- [What you should do]: Here the job is to print all of the entries below verbatim and leave out any picture.

Extracted data entries
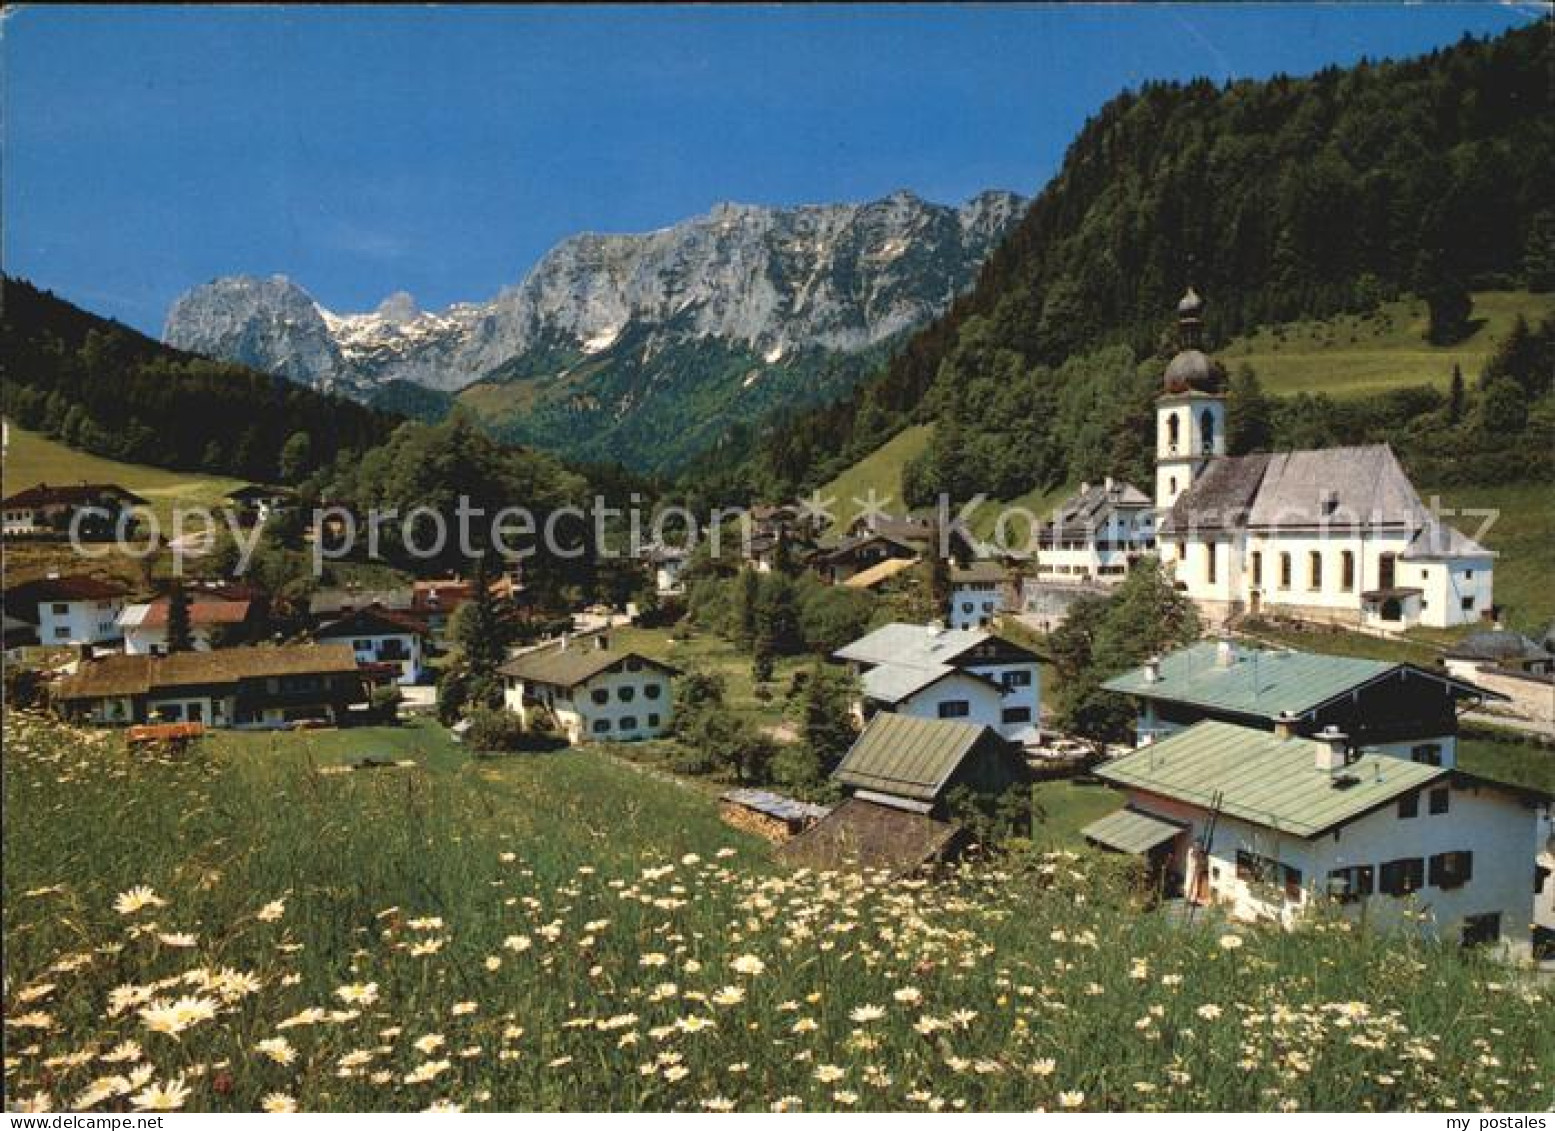 72568211 Ramsau Berchtesgaden  Ramsau B.Berchtesgaden - Berchtesgaden
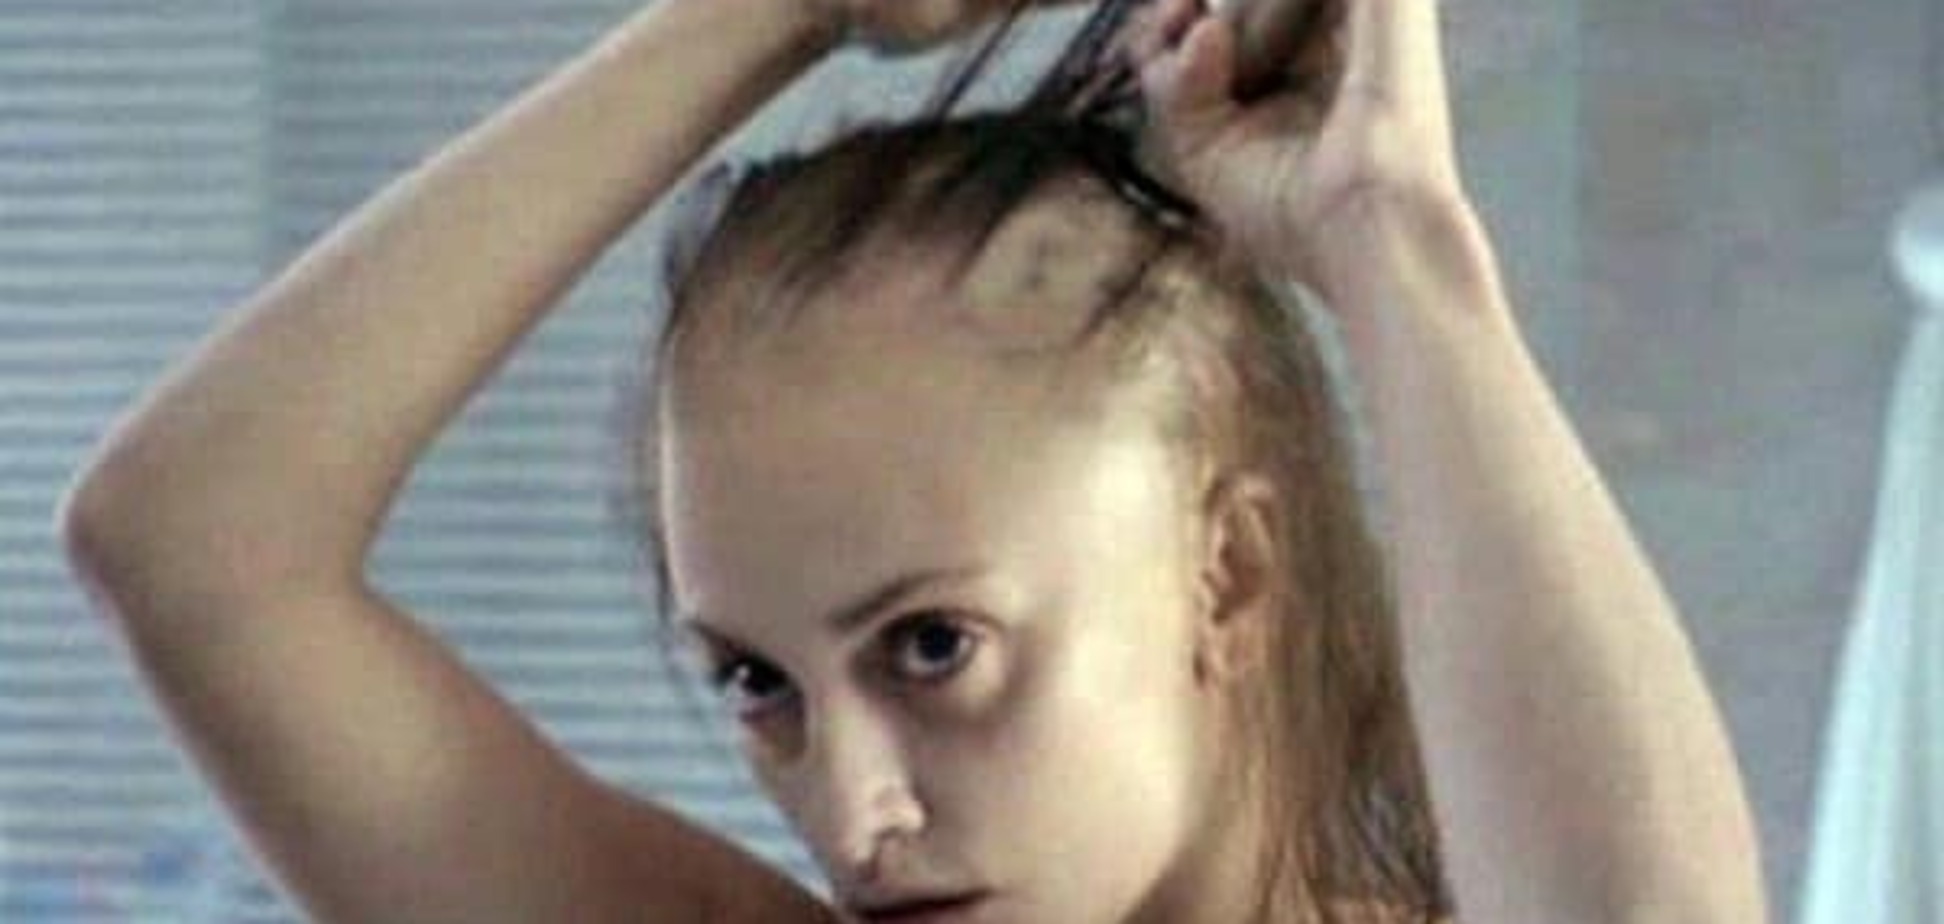 Знаменита голлівудська актриса поголила голову для нового фільму
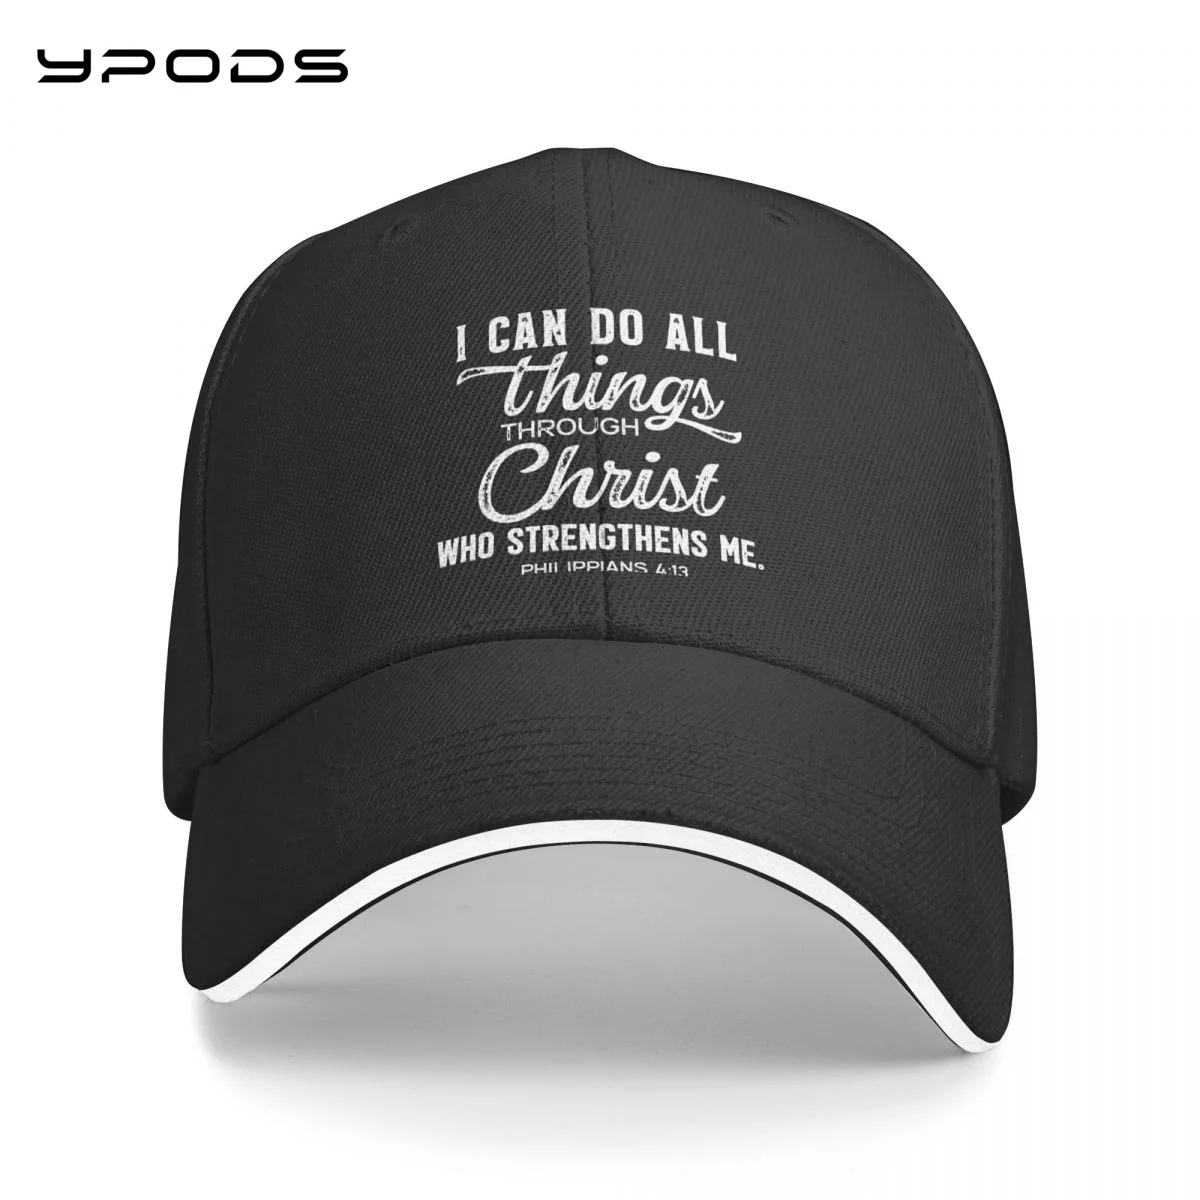 

I Can Do All Things Through Christ, Christian God for women men Baseball Caps Ball Hat Adjustable Trucker Hat
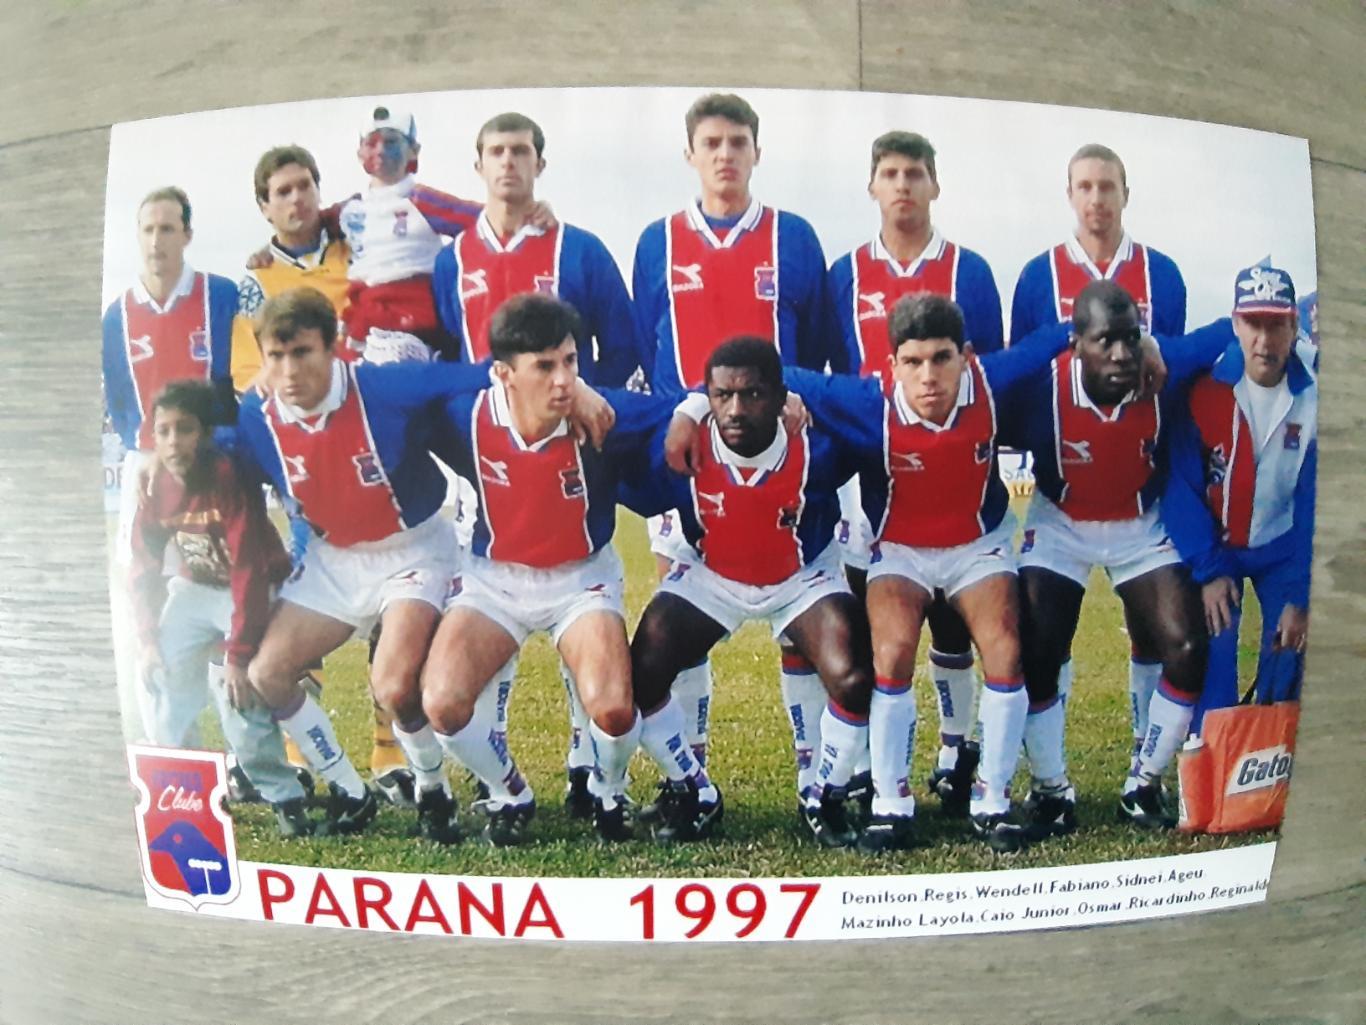 PARANA1997
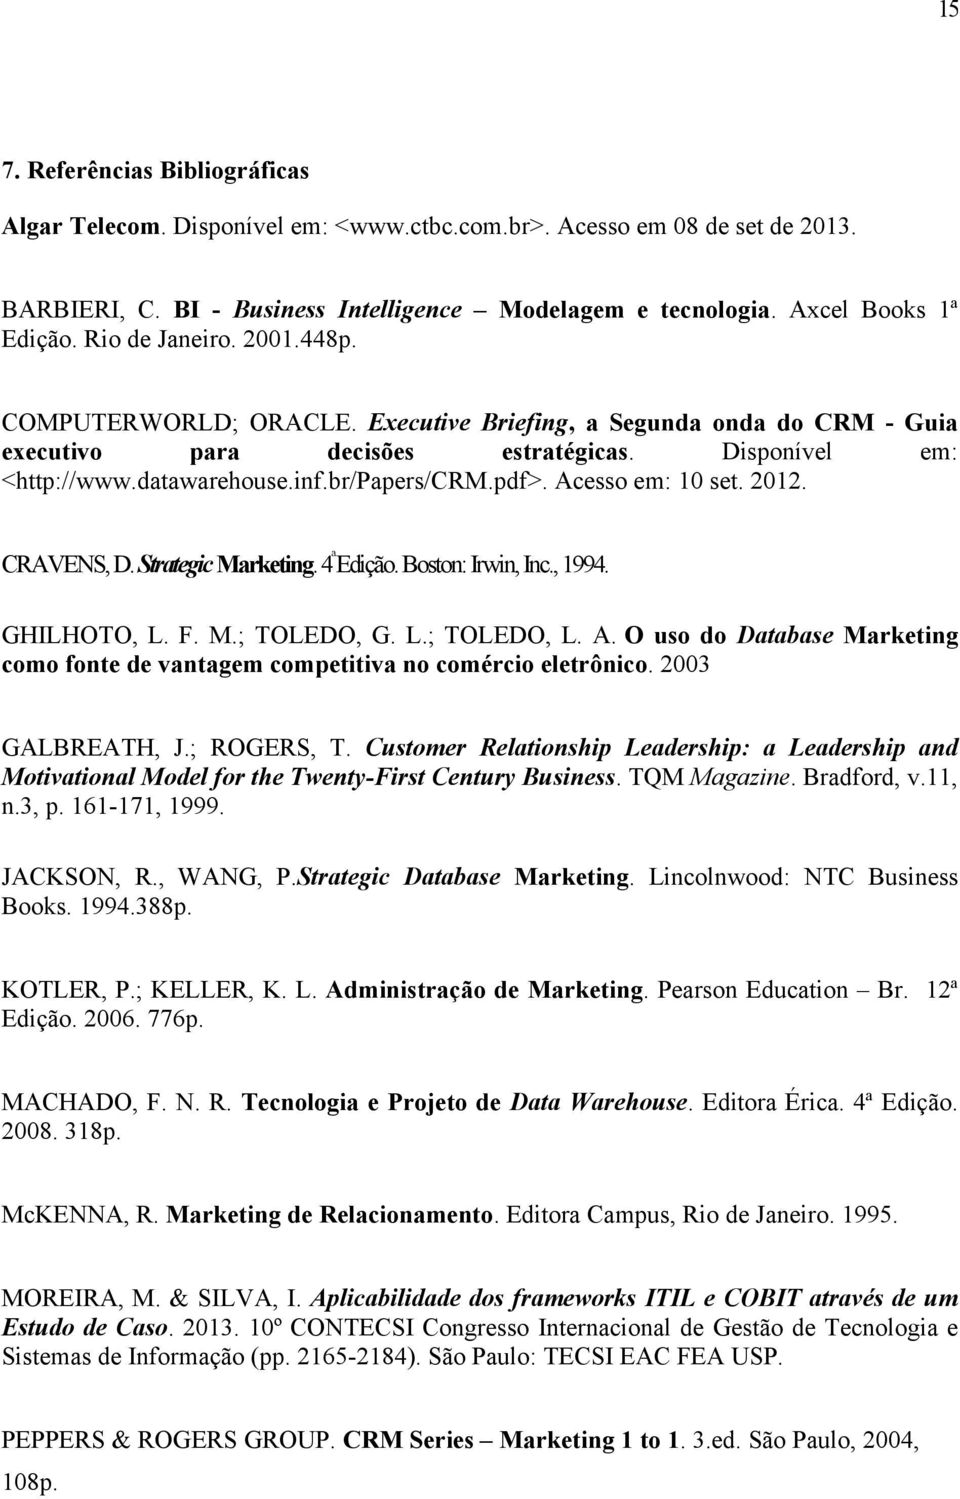 pdf>. Acesso em: 10 set. 2012. CRAVENS, D. Strategic Marketing. 4 ª Edição. Boston: Irwin, Inc., 1994. GHILHOTO, L. F. M.; TOLEDO, G. L.; TOLEDO, L. A. O uso do Database Marketing como fonte de vantagem competitiva no comércio eletrônico.

- [Response for this exercise]:
 72568211 Ramsau Berchtesgaden  Ramsau B.Berchtesgaden - Berchtesgaden
 Знаменита голлівудська актриса поголила голову для нового фільму

I Can Do All Things Through Christ, Christian God for women men Baseball Caps Ball Hat Adjustable Trucker Hat
 PARANA1997
 pdf>. Acesso em: 10 set. 2012. CRAVENS, D. Strategic Marketing. 4 ª Edição. Boston: Irwin, Inc., 1994. GHILHOTO, L. F. M.; TOLEDO, G. L.; TOLEDO, L. A. O uso do Database Marketing como fonte de vantagem competitiva no comércio eletrônico.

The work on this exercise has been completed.